Paul stated that when a problem is presented to a set of individuals, the majority of the population—given that they have access to the same resources—will end up taking the same (or at least very similar) steps and arrive at the same solution. This is because the methodologies we are taught will often present one path to a solution as being slightly more obvious than the others and this will be the route that most of us will take. History has made it evident that in certain situations this will be a path to trouble. This is simply because the tools that we use, when combined with human nature, are not compatible with software security. We are not able to use our tools effectively and securely, 100% of the time. Given the complexity of some problems that coders must solve, this should come as no surprise.

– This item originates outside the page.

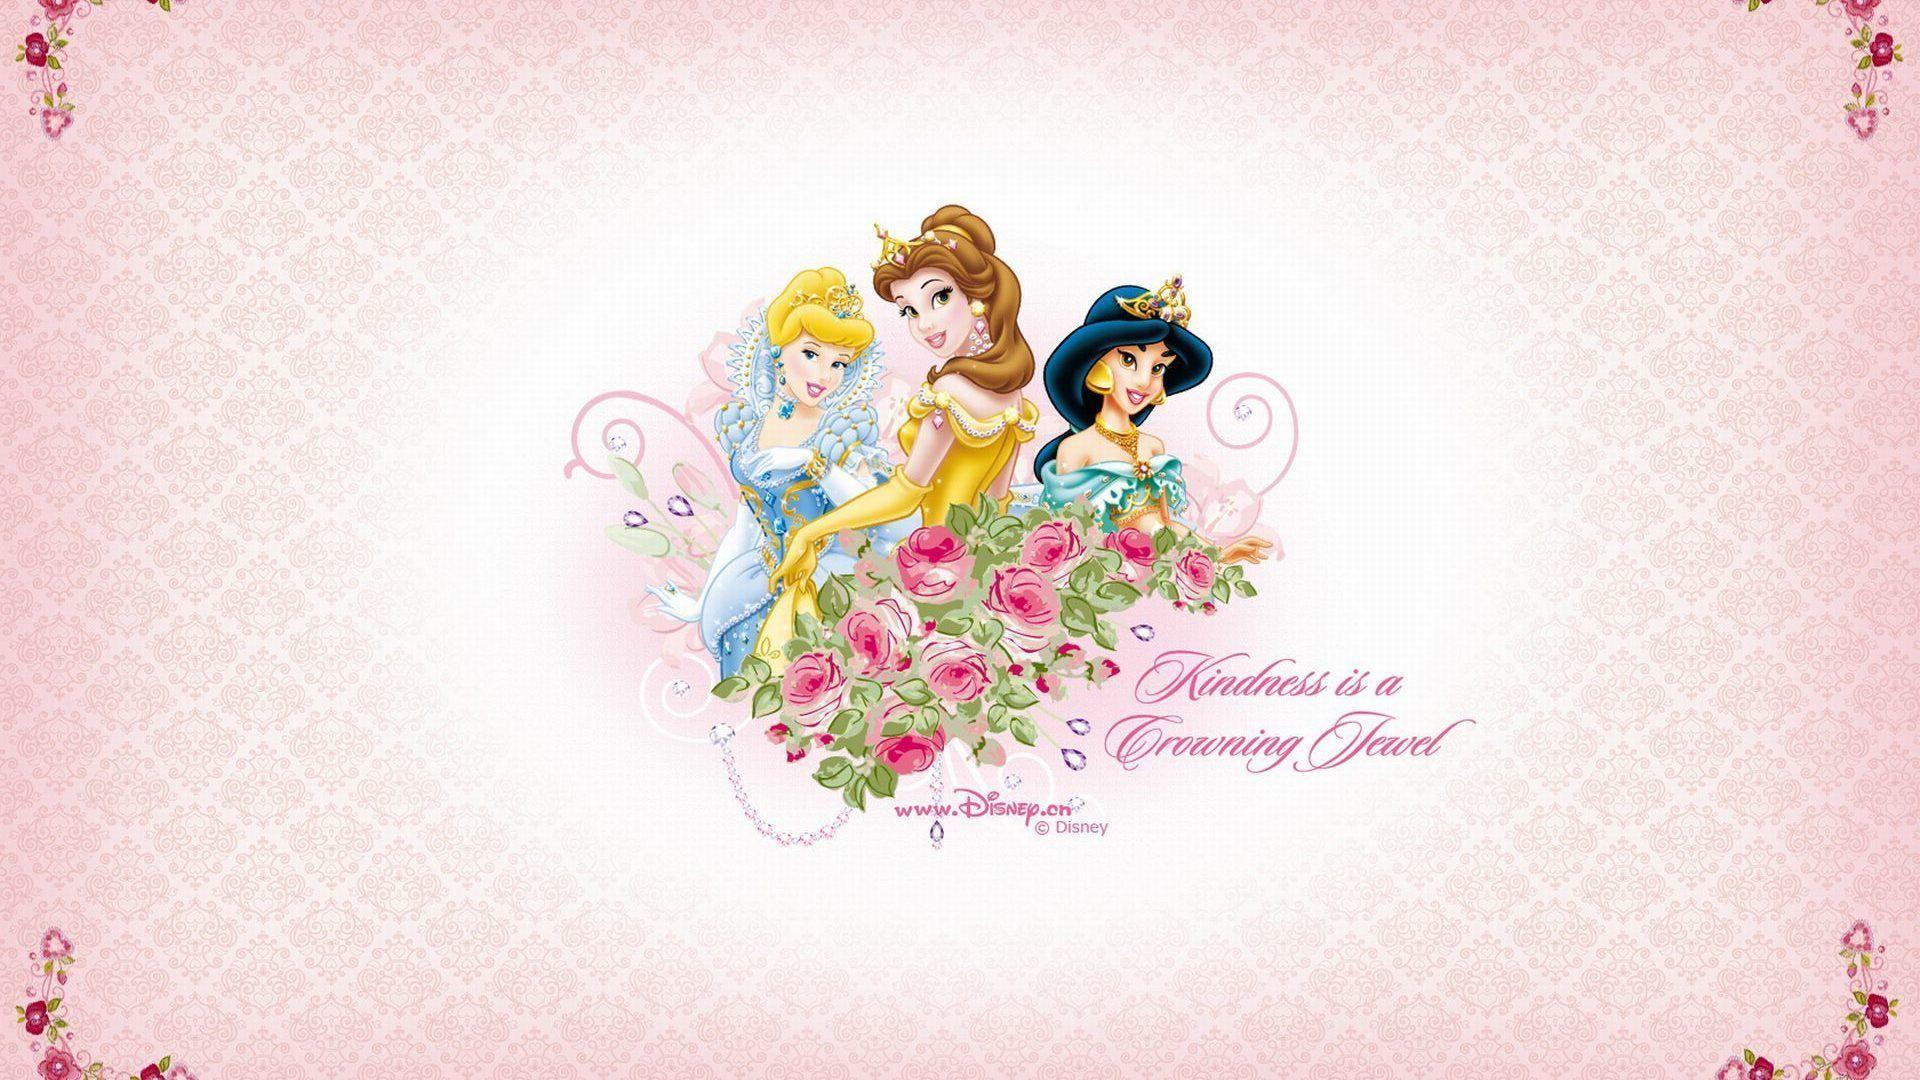 Disney Princes Fairy Tail Photo Wallpaper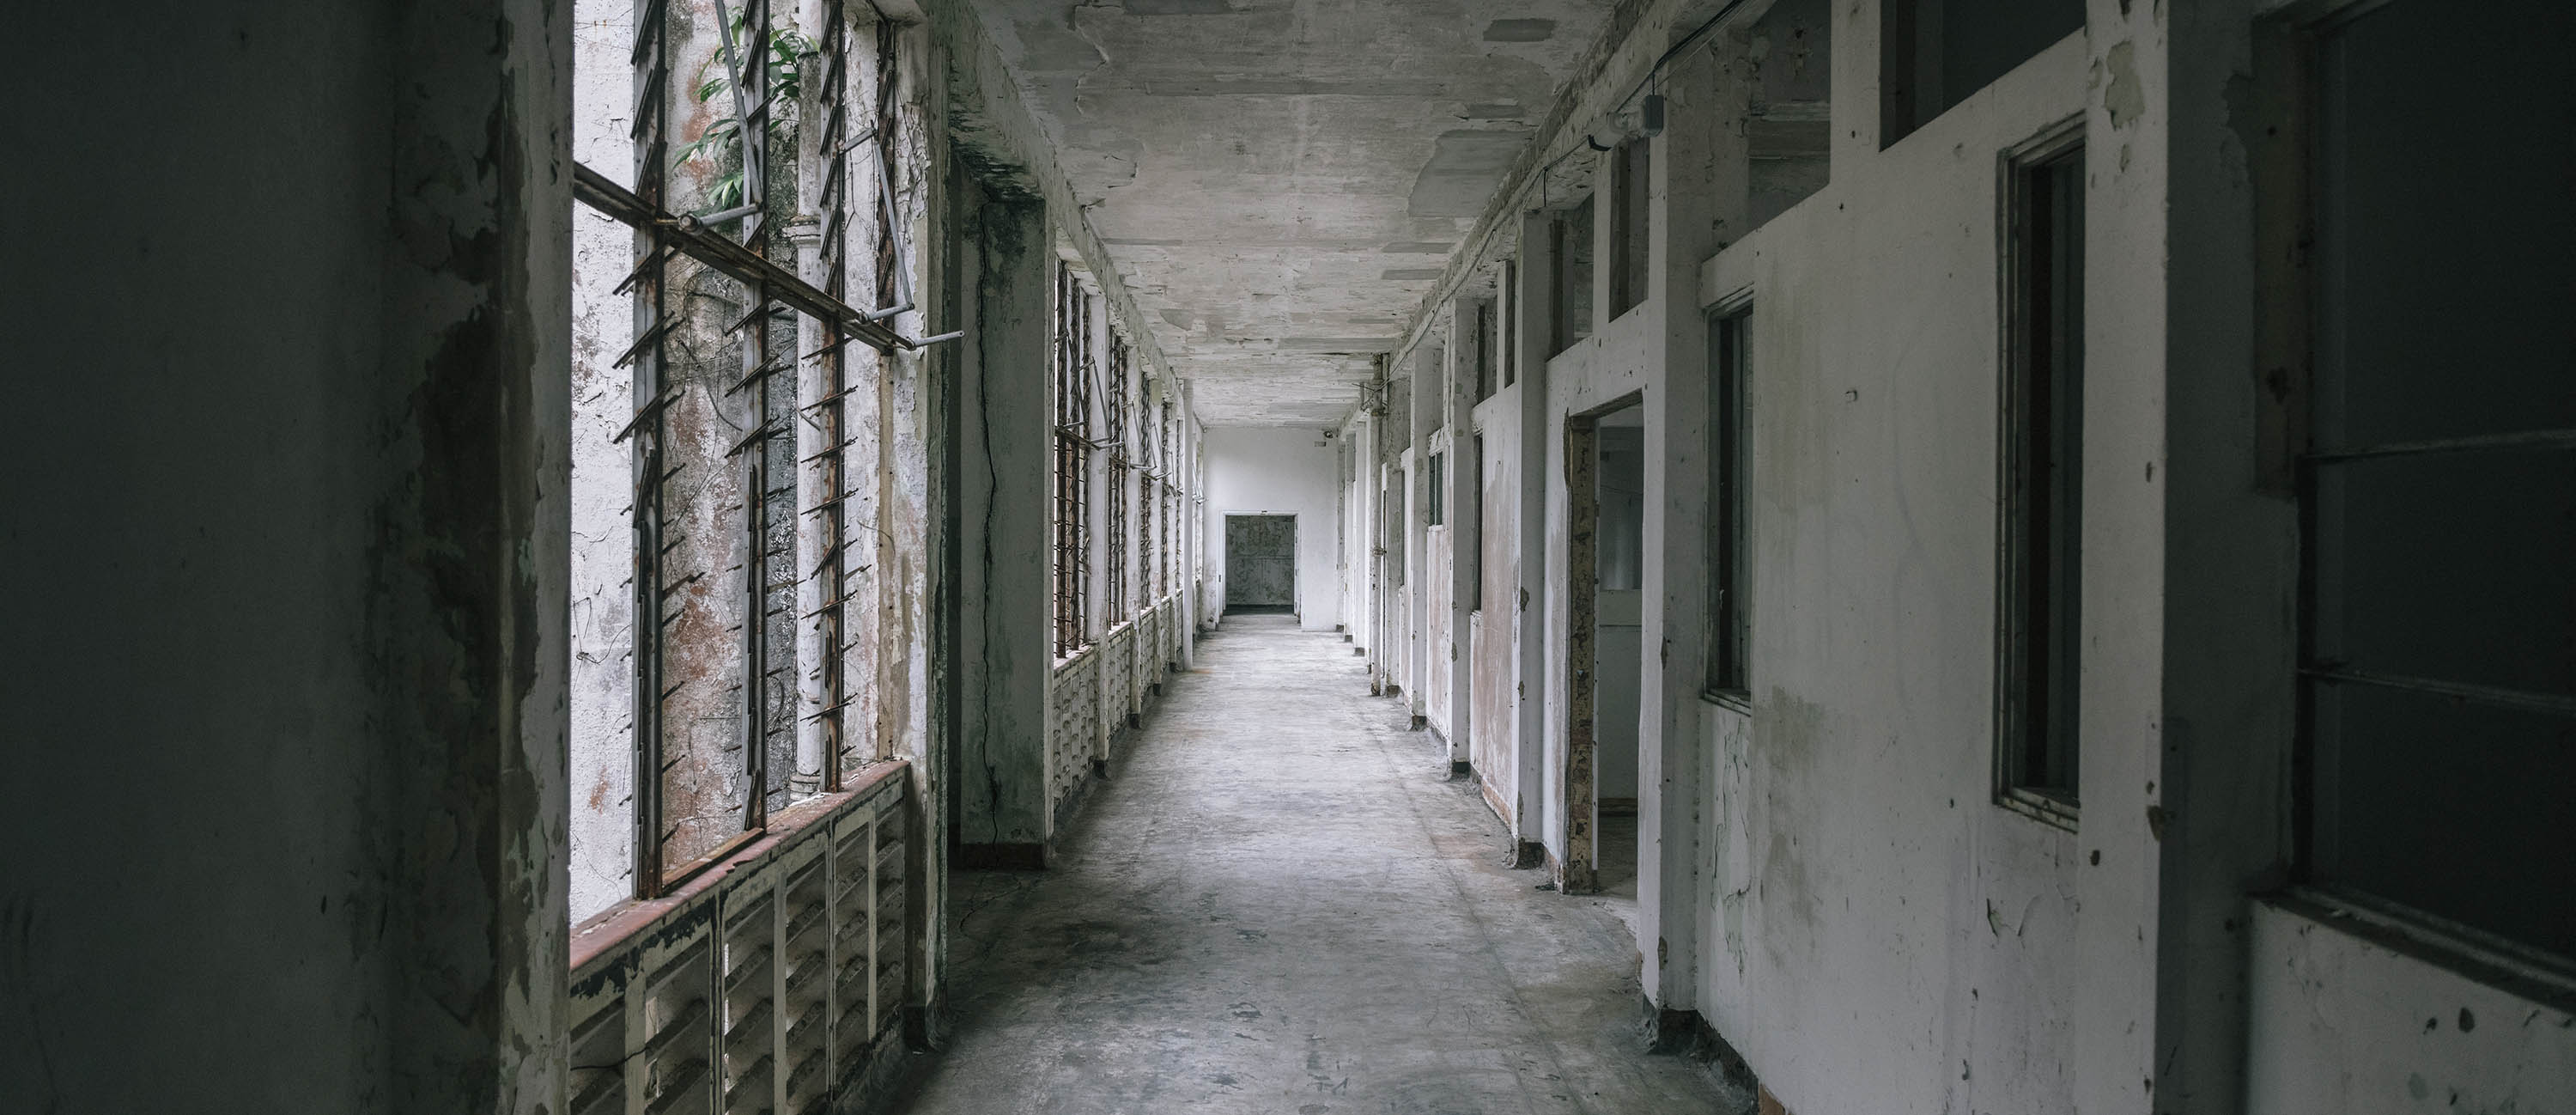 Abandoned Singapore: Old Changi Hospital

So, instead of relying on the notion that being more conscious when writing potentially troublesome routines will eliminate common vulnerability types, we should focus on using tools that remove this burden entirely—moving away from the invariably ill-fated focus on behavioral adjustments. As we all know, the probability for development errors increases with the size and complexity of the software. It is for this reason that potentially dangerous routines, such as memory management, string operations, and processing user data should be abstracted from the rest of the development process. This essentially means that the programmer only has to implement the operation perfectly once in the abstraction routine, as opposed to every single time they need to perform that type of operation. Many high-level languages already employ some of these concepts, particularly with memory management. Unfortunately, lower-level languages (such as C) still require the developer to implement such abstractions manually. But, doing this is the only way that we can hope to rid our software of those textbook mistakes, even though we like to think we know better. This also has the added benefit of having a project that is far easier to audit and maintain, which also can only bring good results in terms of security. Interestingly, Paul cited references that showed there is a positive correlation between a dramatic decrease in data reference-based vulnerabilities (which would include overflows) and an increase in the adoption of high-level languages such as Python and Ruby, which is more than we can say for what widespread education on common vulnerability types has done.